Over at Brookfield, the tension is rising, with the threats against David and the family. David is still determined to appear as a witness and says defiantly that the thugs "are not taking over our lives". Er, David, as you have been given a panic button by the police and you spend Thursday installing four CCTV cameras, I submit that your lives have already been fundamentally changed. That and telling the kids to take their mobile phones if they go any further than the bathroom and making them stay inside, of course. To make matters worse, Farm Sunday is fast approaching and do they really want strangers wandering all over the farm? At this rate, the visitors will be herded around at the point of a pitchfork.

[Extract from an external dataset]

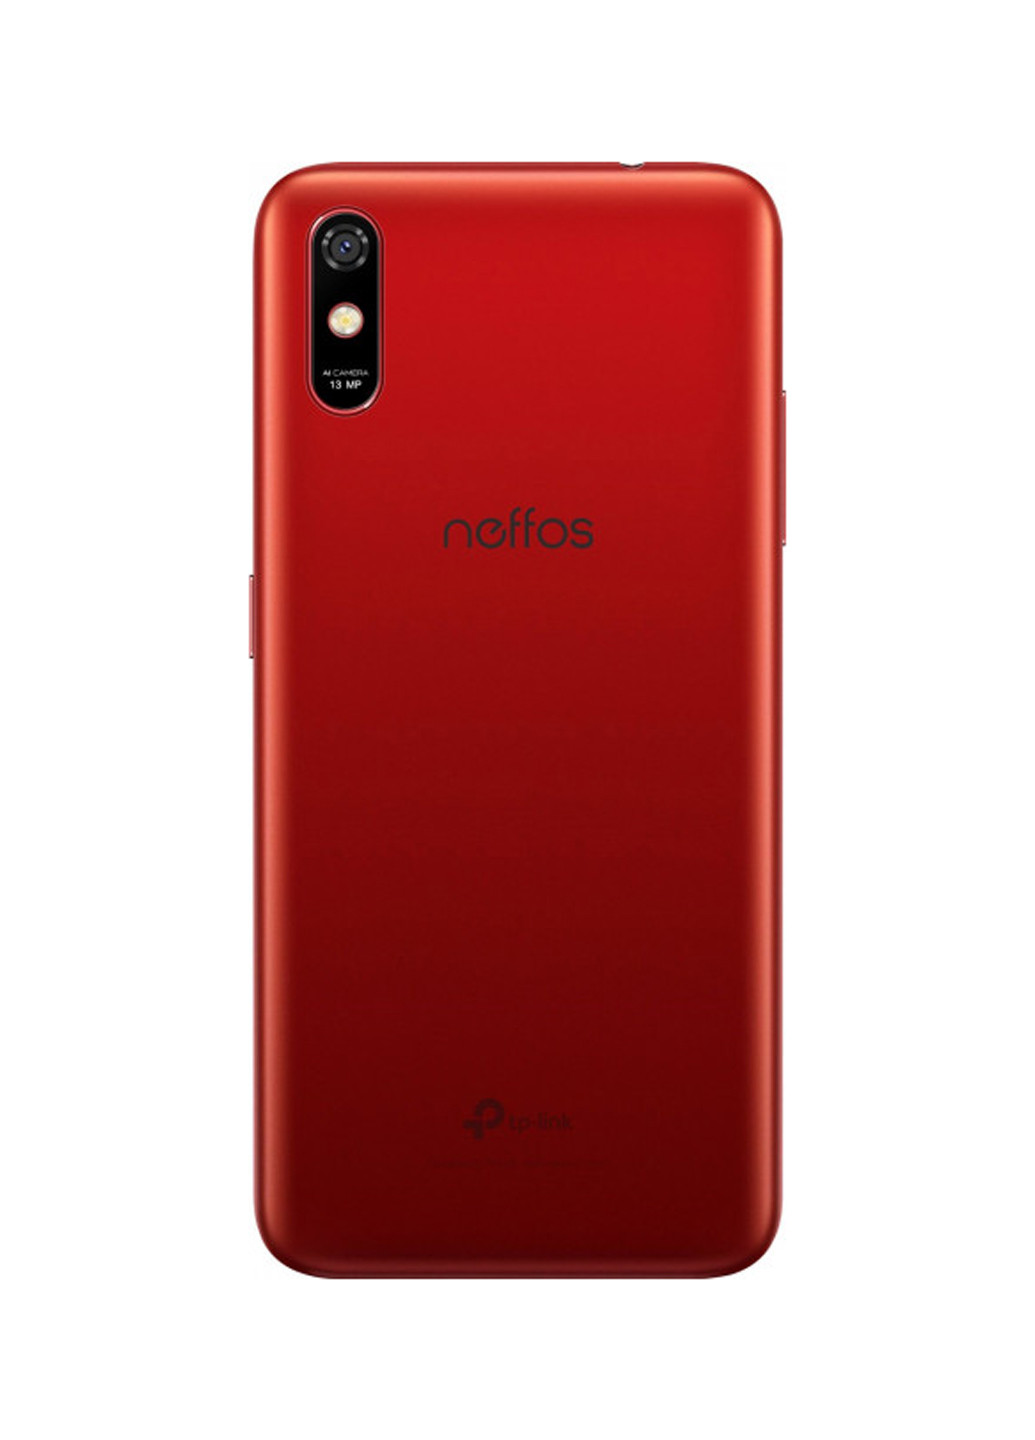 Смартфон TP-Link Neffos c9s 2/16gb red (tp7061a84) (150586719)

Someone who I would cheerfully stick with said implement is Amy. I used to like her, but she has turned into a right cow and it would be better for everybody if she went to live somewhere else. Alice mentions to Chris that Amy is thinking of moving out and Chris, quick as a flash, says "we haven't got the room." Well done Chris – you headed that one off at the pass nicely. Alice also suggests that she should do some detective work to prove to Amy – whose capacity for self-delusion is monumental, as she suggests that Carl might be unhappily married – that Carl is married and is a cheating, love-rat, rather than misunderstood and lonely. I think the best answer would be for Amy to find work somewhere else and quietly leave. Quickly.

Jim ruined his chances of getting closer to Christine when he gave full vent to his republican convictions. The inhabitants of number 8 have ignored Lynda's Diktat of a red, white and blue colour scheme for Britain in Bloom and planted a host of yellow tagetes. This to Lynda is a hanging offence and she beats manically on their door. Sadly they aren't in at the time and, when Jim opens his trap to stick up for "the individual touch", Christine is not impressed and decides to go home alone. That's the last lot of scones you're going to get for a while, Jim, my lad.

As the Jubilee approaches, people are getting more stressed, with Lynda stopping just short of threatening to strangle the children with the maypole streamers if they don't get the dance right. Clarrie, meanwhile, is being seriously let down by villagers who had promised to make a sponge so that they can be assembled into one large, iced cake for the Jubilee. Things aren't helped by Joe forgetting to tell her that so-and-so called and won't be able to make a cake, or that Sabrina Thwaite has a query and he said Clarrie would ring her back – this was a couple of days ago. 

Clarrie is on the verge of going spare and tells Joe to stop going on about Bob Pullen being chosen to cut the cake as she's sick of it. Ruth then lets Clarrie down by not making her sponge as promised and Clarrie is in despair, wondering if there will even be a village cake at this rate.